Computer scientists have developed a new tweet-screening method that not only delivers real-time data on flu cases, but also filters out online chatter that is not linked to actual flu infections.
Sifting through social media messages has become a popular way to track when and where flu cases occur, but a key hurdle hampers the process: how to identify flu-infection tweets. Some tweets are posted by people who have been sick with the virus, while others come from folks who are merely talking about the illness. If you are tracking actual flu cases, such conversations about the flu in general can skew the results.

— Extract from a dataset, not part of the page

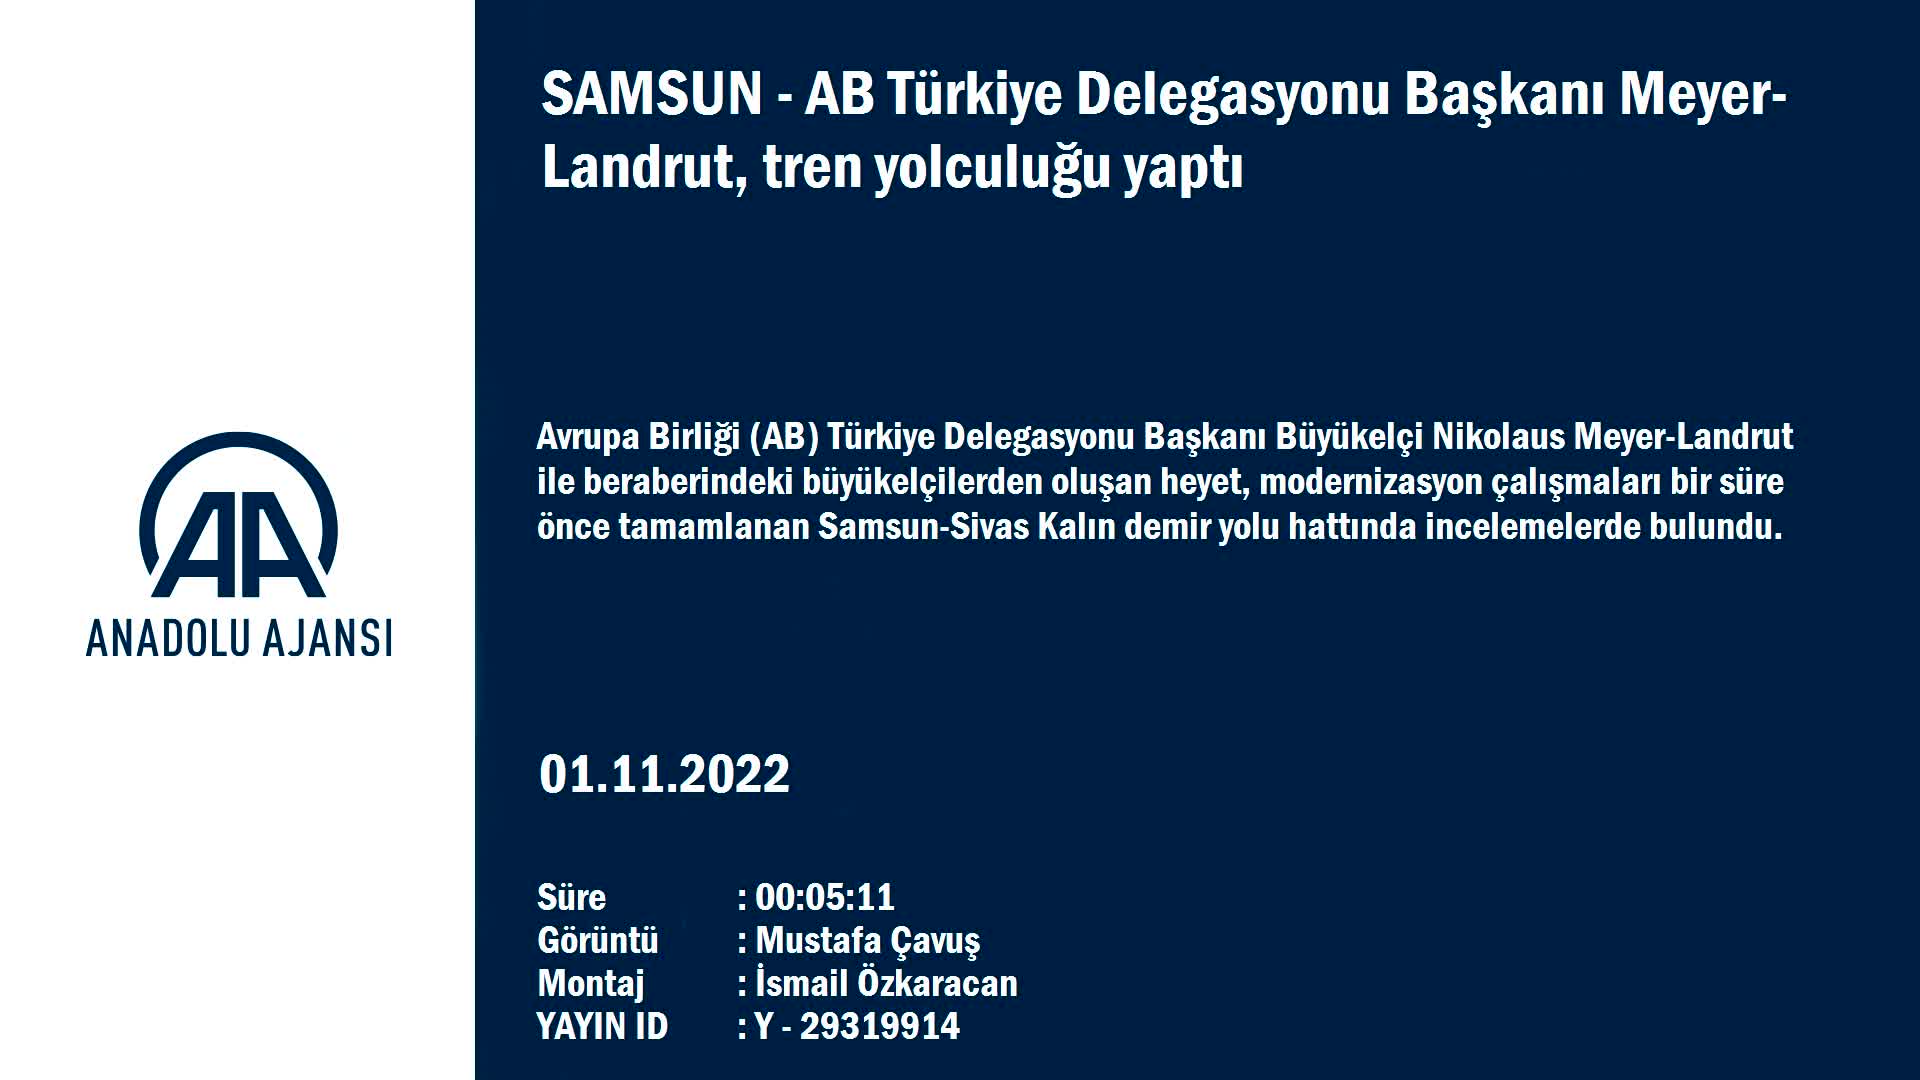 AB Türkiye Delegasyonu Başkanı Meyer-Landrut, Samsun’da tren yolculuğu yaptı:

To address this problem, Johns Hopkins computer scientists and researchers in the School of Medicine have developed a new tweet-screening method that not only delivers real-time data on flu cases, but also filters out online chatter that is not linked to actual flu infections. Comparing their method, which is based on analysis of 5,000 publicly available tweets per minute, to other Twitter-based tracking tools, the Johns Hopkins researchers say their real-time results track more closely with government disease data that takes much longer to compile.
"When you look at Twitter posts, you can see people talking about being afraid of catching the flu or asking friends if they should get a flu shot or mentioning a public figure who seems to be ill," said Mark Dredze, an assistant research professor in the Department of Computer Science who uses tweets to monitor public health trends. "But posts like this don't measure how many people have actually contracted the flu. We wanted to separate hype about the flu from messages from people who truly become ill."